In what officials hailed as a sign that things were going well, the Oval Office talks overshot their appointed time by 45 minutes. Smiling and relaxed, Mr Netanyahu spoke of "productive discussions" during a brief break for a stroll in the White House rose garden.

But behind yesterday's cordial facade, deep problems still lurked. Washington is ready to be patient and accommodating as the Likud leader elaborates his strategy for negotiating with the Arabs - but not to the extent of dropping the land-for-peace formula that has under- pinned the US-sponsored "peace process" to date.

Before leaving for Washington, however, Mr Netanyahu pointedly noted that Jerusalem was "not willing to accept the deterioration of security as an existing and natural situation." The words were not just a thinly- coded reminder that resumed bargaining with Syria over the Golan heights was out of the question, and of his opposition to a fully-fledged Palestinian state, with its capital in Jerusalem.

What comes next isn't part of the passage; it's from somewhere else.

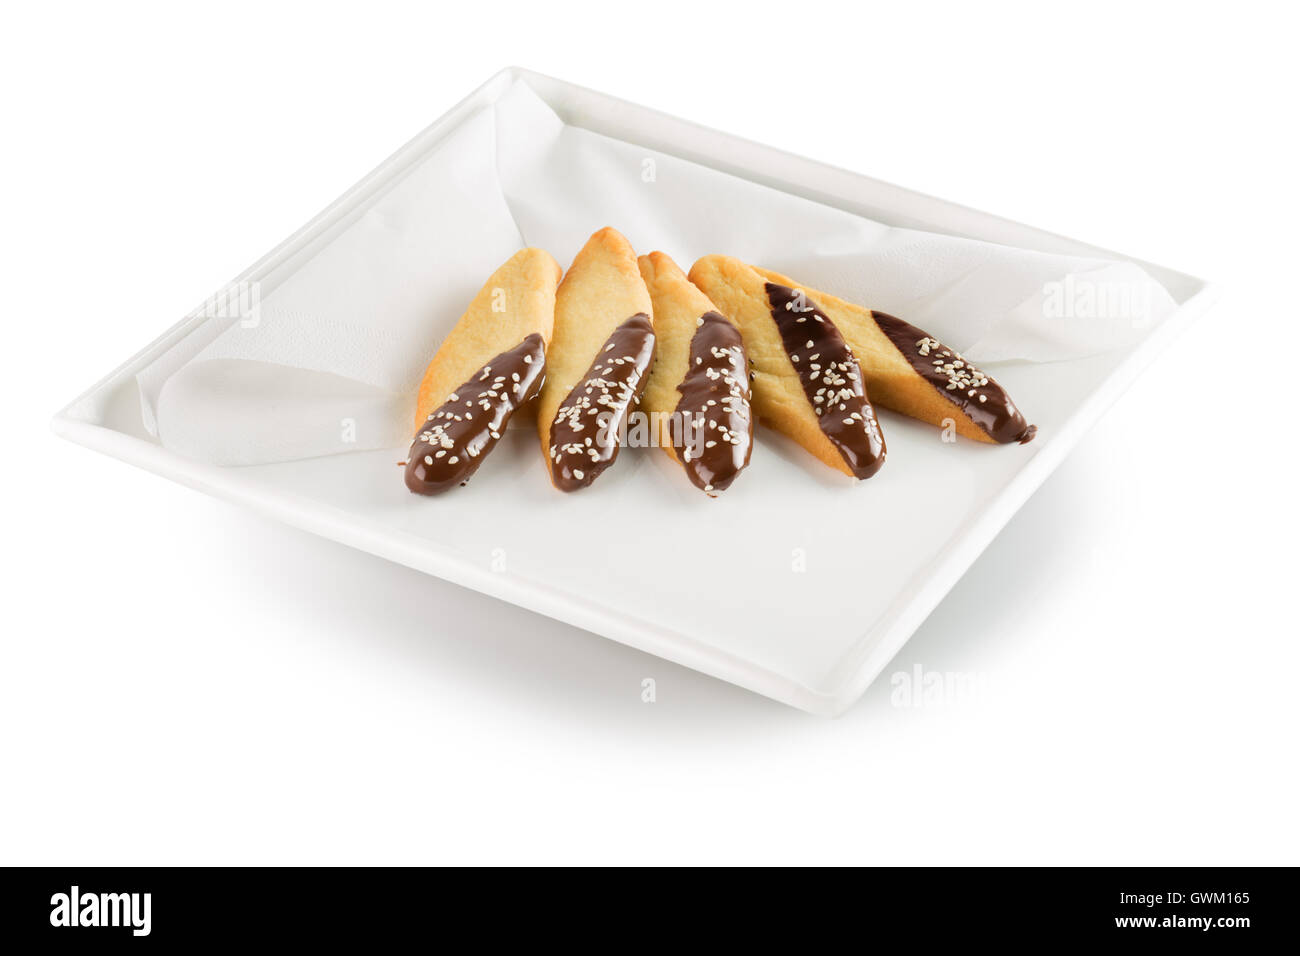 biscuits with chocolate glaze on white plate. Stock Photo

They underline Likud's repudiation of the concilatiory policies of previous Labour Prime Ministers Yitzhak Rabin and Shimon Peres - for whose re-election this spring the White House wished publicly, but in vain.

On that last point, at least both sides will let bygones be bygones. Not only Israel, but also an exceptionally pro-Israeli Democratic President in a US election year have a great interest in a smooth working relationship.

Israel's longstanding concern over terrorism, moreover, has suddenly acquired new resonance here, after last month's truck bomb explosion in Dhahran, which killed 19 US servicemen. But the broader divergence is as wide as ever.

At best, Mr Netanyahu is prepared to make modest "confidence-building" gestures, in- cluding a promise to meet the Palestinian leader, Yasser Arafat, and an easing of the restrictions on Palestinian workers crossing from the West Bank and Gaza, imposed after the recent spate of suicide bombings in Israel.

But if the Administration is happy to be patient, parts of the Jewish comunity here are not. A group of 150 rabbis from the Jewish Peace Lobby have written to Mr Clinton demanding that the $1.2 billion annual economic aid Israel receives from the US be suspended if Mr Netanyahu carries out his campaign promise to expand West Bank settlements. Now was "not the time for a wait-and-see policy", the letter said.

But the Prime Minister was sure of a warmer welcome from AIPAC, the powerful pro-Israel lobby, and on Capitol Hill where he will today address a Congress controlled by Republicans instinctively more sympathetic to his hardline approach to national security.